No vector has been identified and the virus is not seed-transmitted in the citrus varieties tested or in Phaseolus vulgaris (Hoa et al., 2004, Rustici et al., 2000). The virus may have been present in the original Kinnow mandarin mother plants and has been widely spread by grafting and propagation. Kinnow trees are symptomless in warm weather and appear to offer good material for propagation.

 

Experimental

The virus can easily be transmitted by grafting and, among susceptible herbaceous hosts, by mechanical inoculation if greenhouse temperatures are not too high (see Experimental Host Range, above). The virus is transmissible between citrus plants by dodder; no transmission (persistent or non-persistent) was obtained with four aphid species tested: Aphis gossypii, A. citricola, A. craccivora and Myzus persicae; no transmission was obtained by seed or through soil (Byadgi & Ahlawat, 1995).

 

 

EPIDEMIOLOGY

 

Little data available. Natural spread may occur as seedling trees have been found infected (Ahlawat, personal observation) although no vector has been identified.

 

 

DIAGNOSIS

 

Diagnostic field symptoms

The clearest diagnostic symptoms, especially in the winter months, are the yellow rings with green centers that develop in mature leaves of Kinnow mandarin (Ir. 01) and also in Mosambi and Malta sweet orange. Ringspots disappear in summer. Other symptoms are chlorotic flecks and vein clearing or vein banding in young leaves, persisting in mature leaves. Bark-scaling does not occur.

 

Comparison with diseases showing similar symptoms

Symptoms, in early stages, may be confused with those of psorosis. The presence of conspicuous rings and blotches in adult leaves are reminiscent of the original ‘citrus ringspot’ disease of Wallace and Drake described in 1968, now known to have been caused by an isolate of Citrus psorosis virus. This symptom, however, is not typical of psorosis.

 

Biological indexing

This is not widely used, but grafting to the varieties Kinnow, Mosambi, Malta, Rough lemon and King mandarin should give a diagnostic panel of leaf symptoms including vein flecking, vein clearing, chlorotic spots, ringspots and necrotic spots, that will also distinguish between some strains of the virus (Hoa & Ahlawat, 2004).

 

Serological and molecular methods

Good antisera are available (Rustici et al., 2000, Hoa et al., 2004) and EM grids coated with antibody can easily trap the characteristic virus particles (ISEM), which can be clearly decorated.

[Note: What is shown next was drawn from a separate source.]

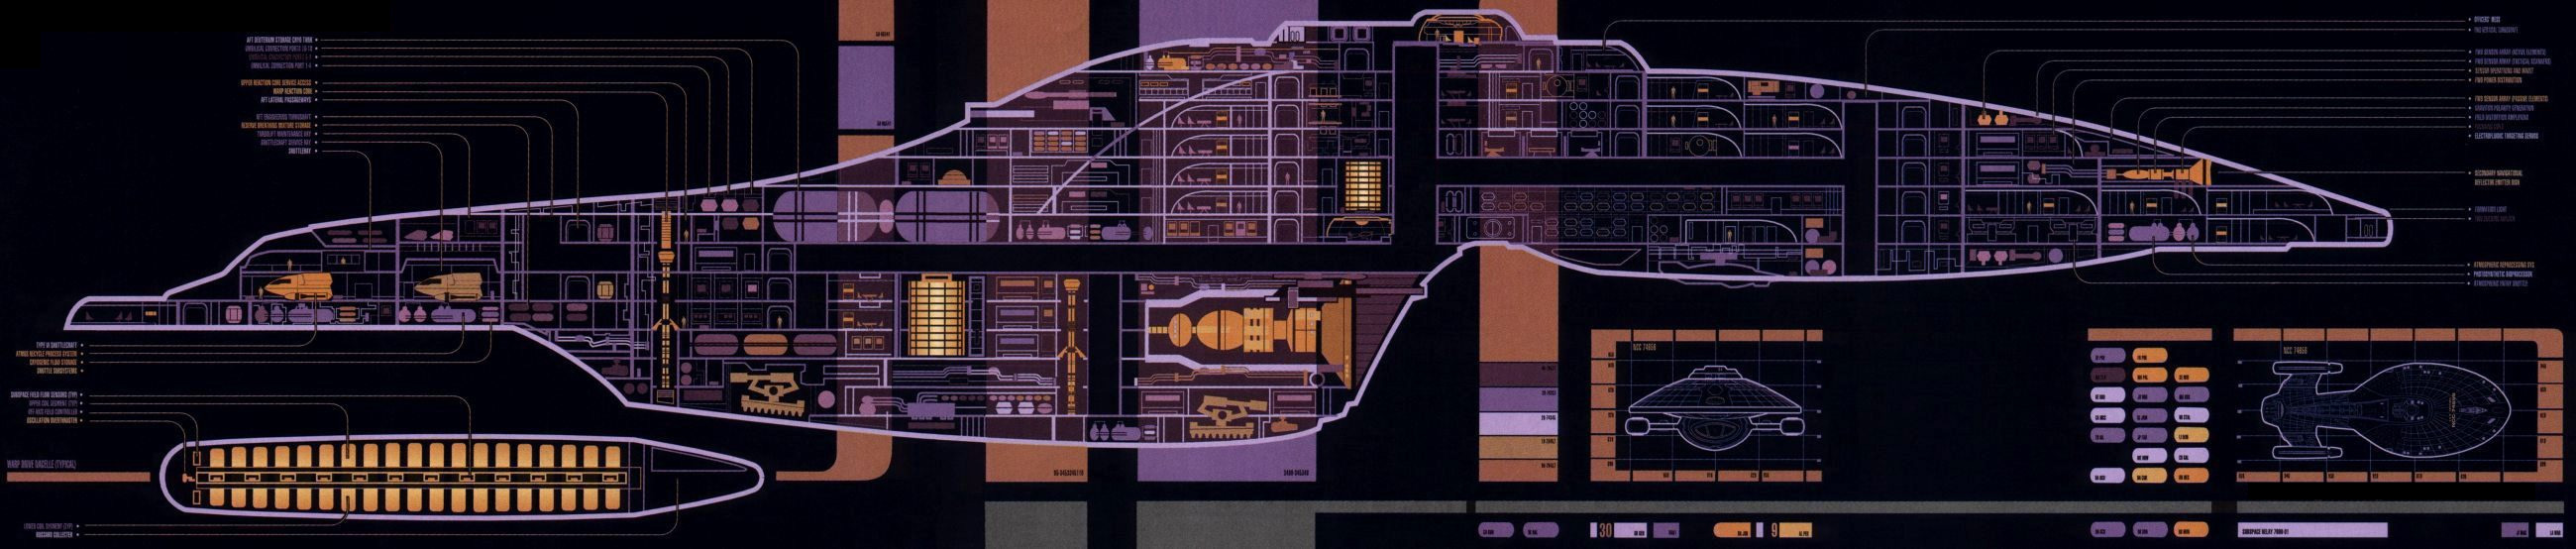 FRIQUIS SPACE (CUADERNO DE VITACORAS) Intrepid_class_MSD

DAS-ELISA is also effective. RT-PCR and dot-blot hybridization protocols are available (Hoa and Ahlawat, 2004; Hoa et al., 2004) but large-scale validation of RT-PCR based detection has yet to be done.

 

 

CONTROL

Control of this disease, damaging and widespread in India and possibly elsewhere, is just beginning but should be effective. Production of virus-free material of Kinnow mandarin and Mosambi sweet orange using shoot-tip grafting has begun, and should also be applicable to rootstock varieties. Reliable means of detection have recently become available, and there appears to be no seed transmission. No natural vector is known and there are hopes that clean material planted in the field may remain virus-free. However, a vector is suspected because seedling trees have been found infected in nature (Ahlawat, personal observation). Legislation to prevent the virus being spread by grafting contaminated material has still to come into force.

 

 

NOTE  ON CITRUS YELLOW VEIN CLEARING VIRUSES

 

   Two citrus diseases reported from Pakistan (Grimaldi & Catara, 1996) and India (Alshami et al., 2003) may be caused by viruses related to ICRSV, although the symptoms are generally different from those of ICRSV. The Pakistani disease, originally found in Eureka Cascade lemons, causes strong yellow vein clearing and leaf distortion, with some ringspotting and vein necrosis in lemons but is also graft-transmissible to other citrus varieties. The Indian virus, first found in Etrog citron, causes similar symptoms and is also graft-transmissible to other citrus varieties. The two viruses can be mechanically transmitted to the same herbaceous hosts. Infected plants of both Pakistani and Indian origin contain flexuous particles indistinguishable from those of ICRSV, and the coat protein of the Indian virus is of a similar size to the ICRSV CP. Serological tests indicate that the Indian virus is not serologically related to ICRSV, but EM decoration tests on material from some Indian field trees showed up a mixed population of particles, some decorated with ICRSV antiserum and others not. The serological relationship of the Pakistani and Indian yellow vein clearing viruses has not been tested. Provisionally the two yellow vein clearing viruses from Pakistan and India have been given the same unofficial name but further investigation is needed understand their relationships.

 

 

SELECTED REFERENCES

 

Adams, M.J., J.F. Antoniw, M. Bar-Joseph, A.A. Brunt, T. Candresse, G.D. Foster, G.P. Martelli, R.G. Milne, C.M. Fauquet (2004). The new plant virus family Flexiviridae and assessment of molecular criteria for species demarcation. Arch. Virol., 149: 1045-1060.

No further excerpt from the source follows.